Jim Henson Company Lot
The Jim Henson Company Lot is a studio property located just south of the southeast corner of North La Brea Avenue and Sunset Boulevard in Hollywood. It was built in 1917 by film star Charlie Chaplin. After being sold by Chaplin in 1953, the property went through several changes in ownership and has served at various times as Kling Studios, the Red Skelton Studios, the shooting location for the Adventures of Superman and Perry Mason television series, as the headquarters for A&M Records and The Jim Henson Company. In 1969, it was designated as a Los Angeles Historic-Cultural Monument. In October 1917, Charlie Chaplin announced plans to build his own film studio at the southeast corner of La Brea and Sunset Boulevard. In his autobiography, Chaplin described the decision as follows: At the end of the Mutual contract, I was anxious to get started with First National, but we had no studio. I decided to build one; the site was the corner of Sunset and La Brea and had a fine ten-room house and five acres of lemon and peach trees.
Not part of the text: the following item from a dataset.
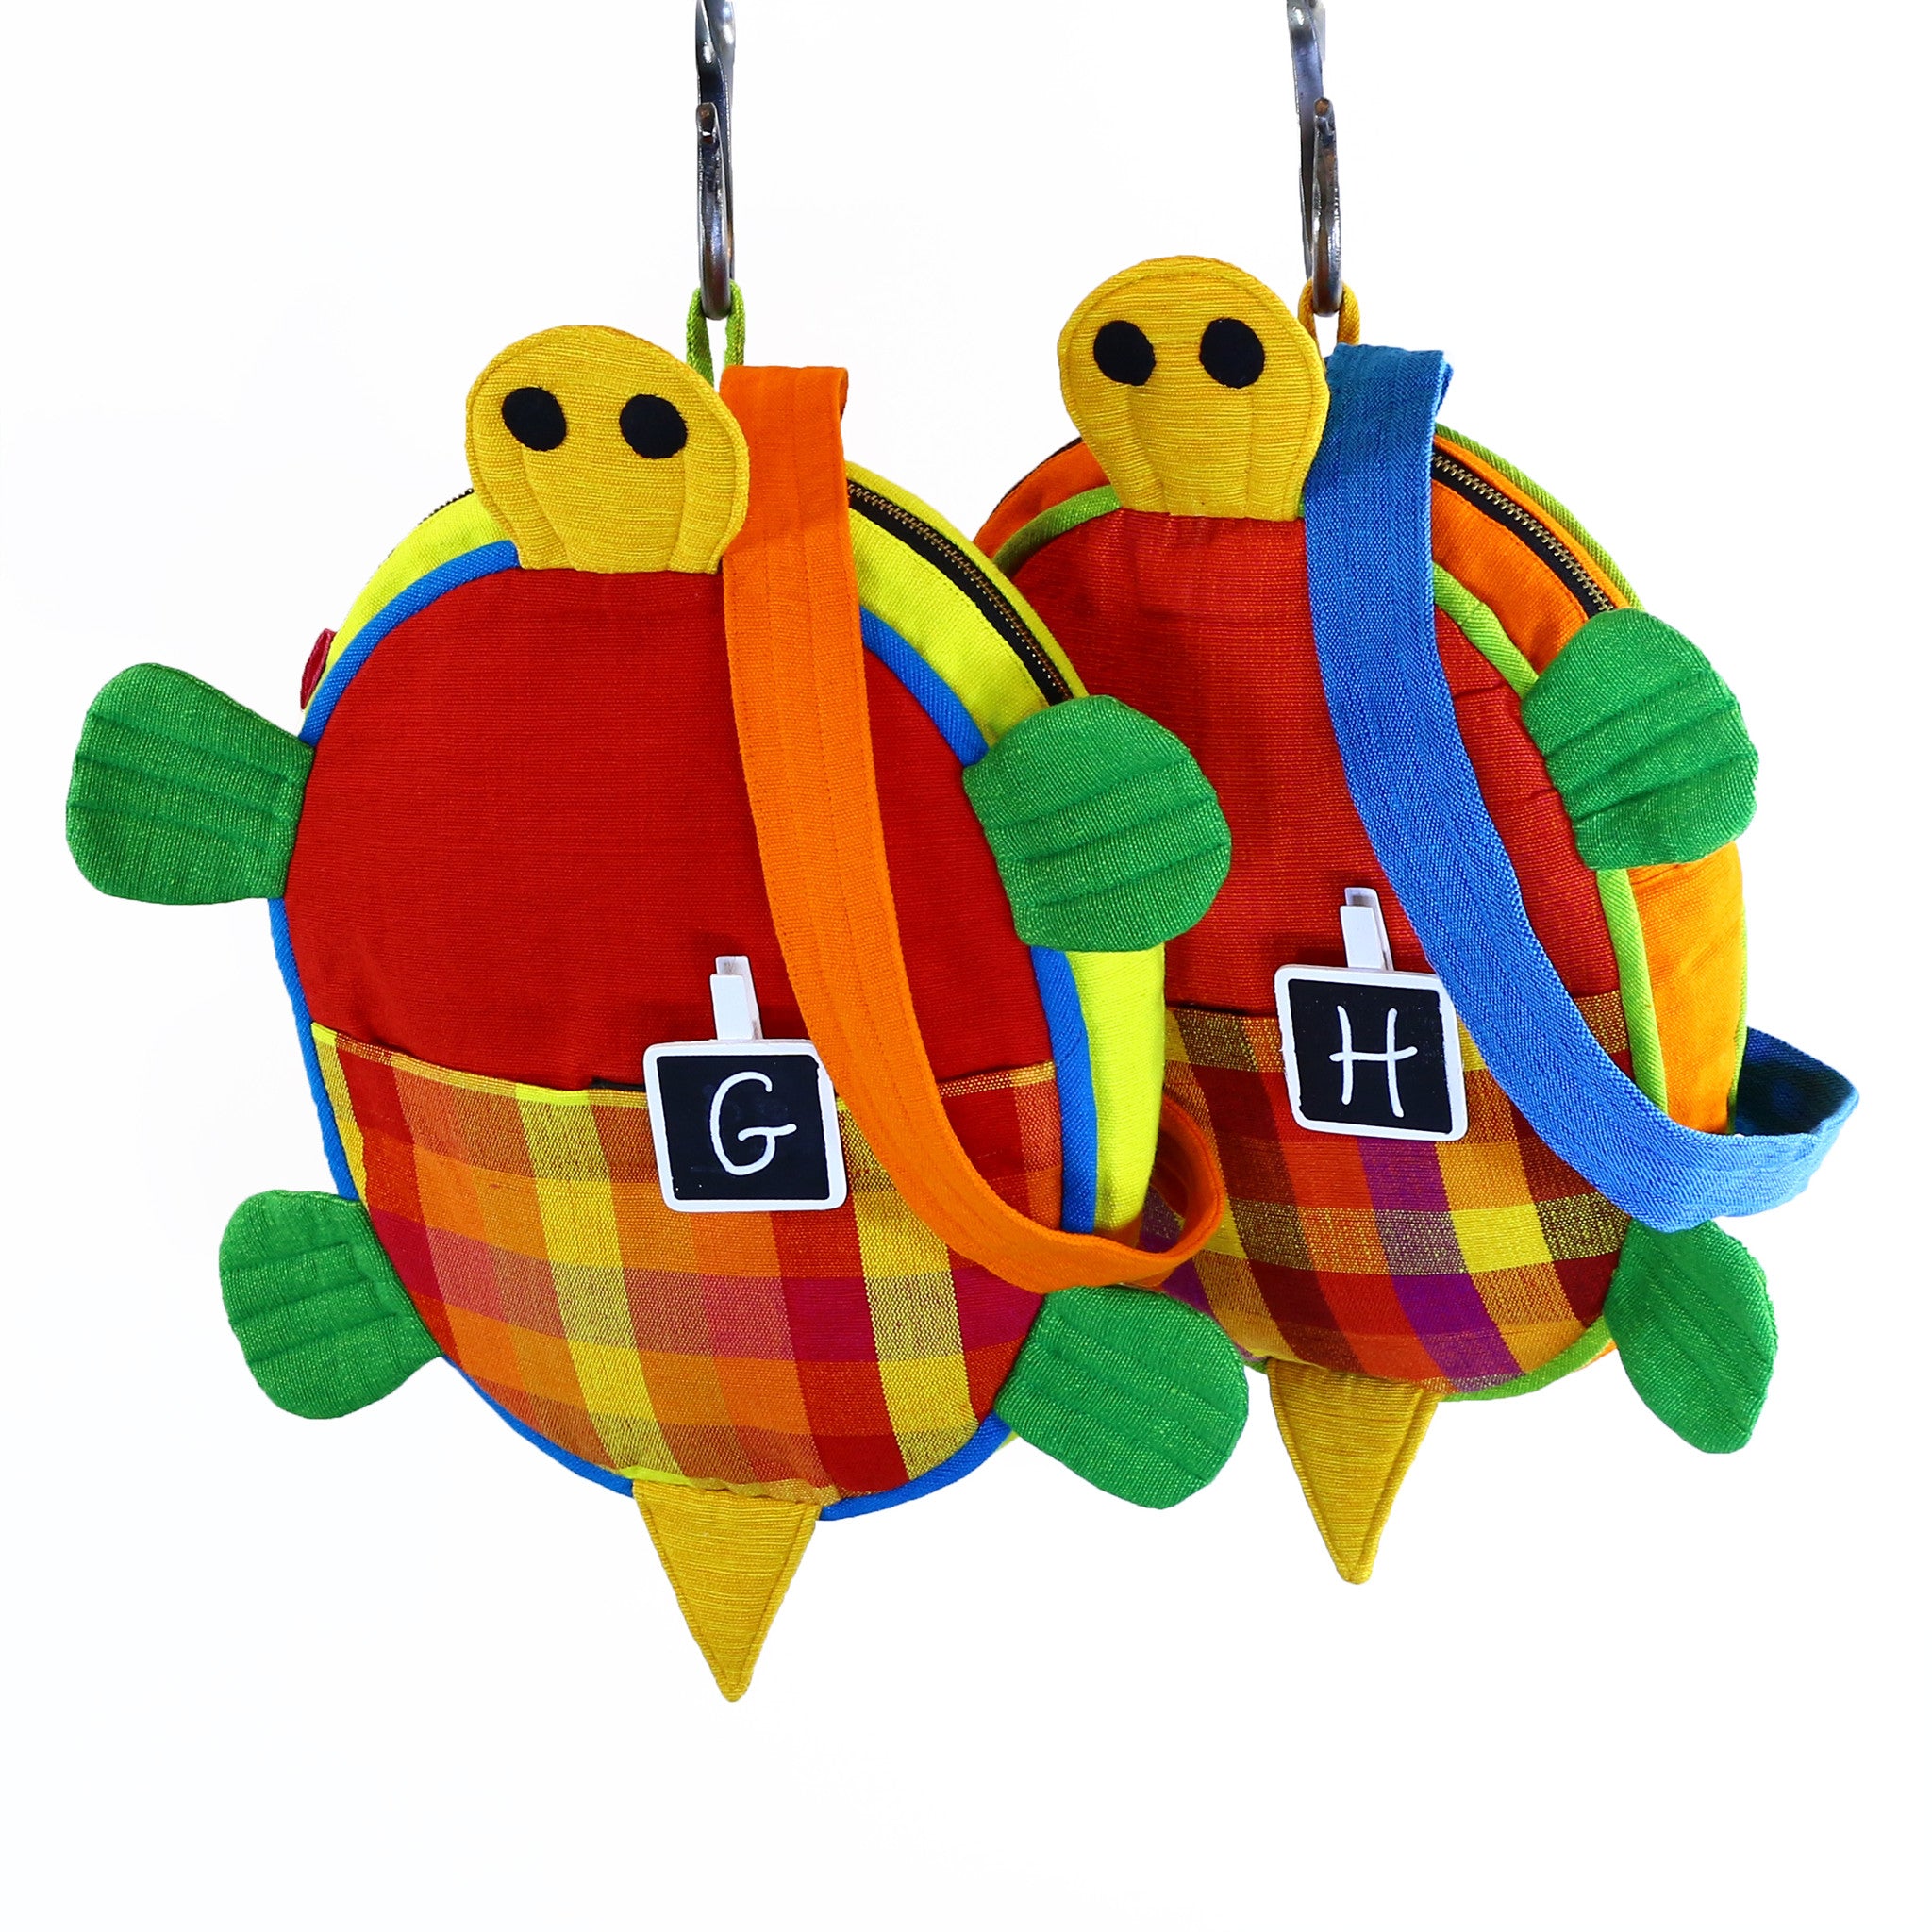 Turtle Backpack – Fireflies fabric patterns

We built a perfect unit, complete with developing plant, cutting room, offices. Chaplin purchased the site from R. S. McClellan, who lived on the site and had a large grove of orange trees on the property; the lot had 300 feet of 600 feet on La Brea, extending south to De Longpre. Chaplin announced he would make his home on the northern part of the property, build his own motion picture plant on the south part of the property, cornering at La Brea and De Longpre. Chaplin's plans for six English-style buildings, "arranged as to give the effect of a picturesque English village street," were published in the Los Angeles Times in October 1917; the plans were prepared by the Milwaukee Building Company, the total investment was estimated to be in the region of $100,000. The layout of the buildings was described by the Los Angeles Times in 2002 as a "fairy-tale cottage complex." Another writer has described the style as "eccentric Peter Pan architecture."The location was at that time a residential neighborhood, Chaplin's application for a building permit was opposed by area residents, some of whom complained that it was too near the Hollywood High School.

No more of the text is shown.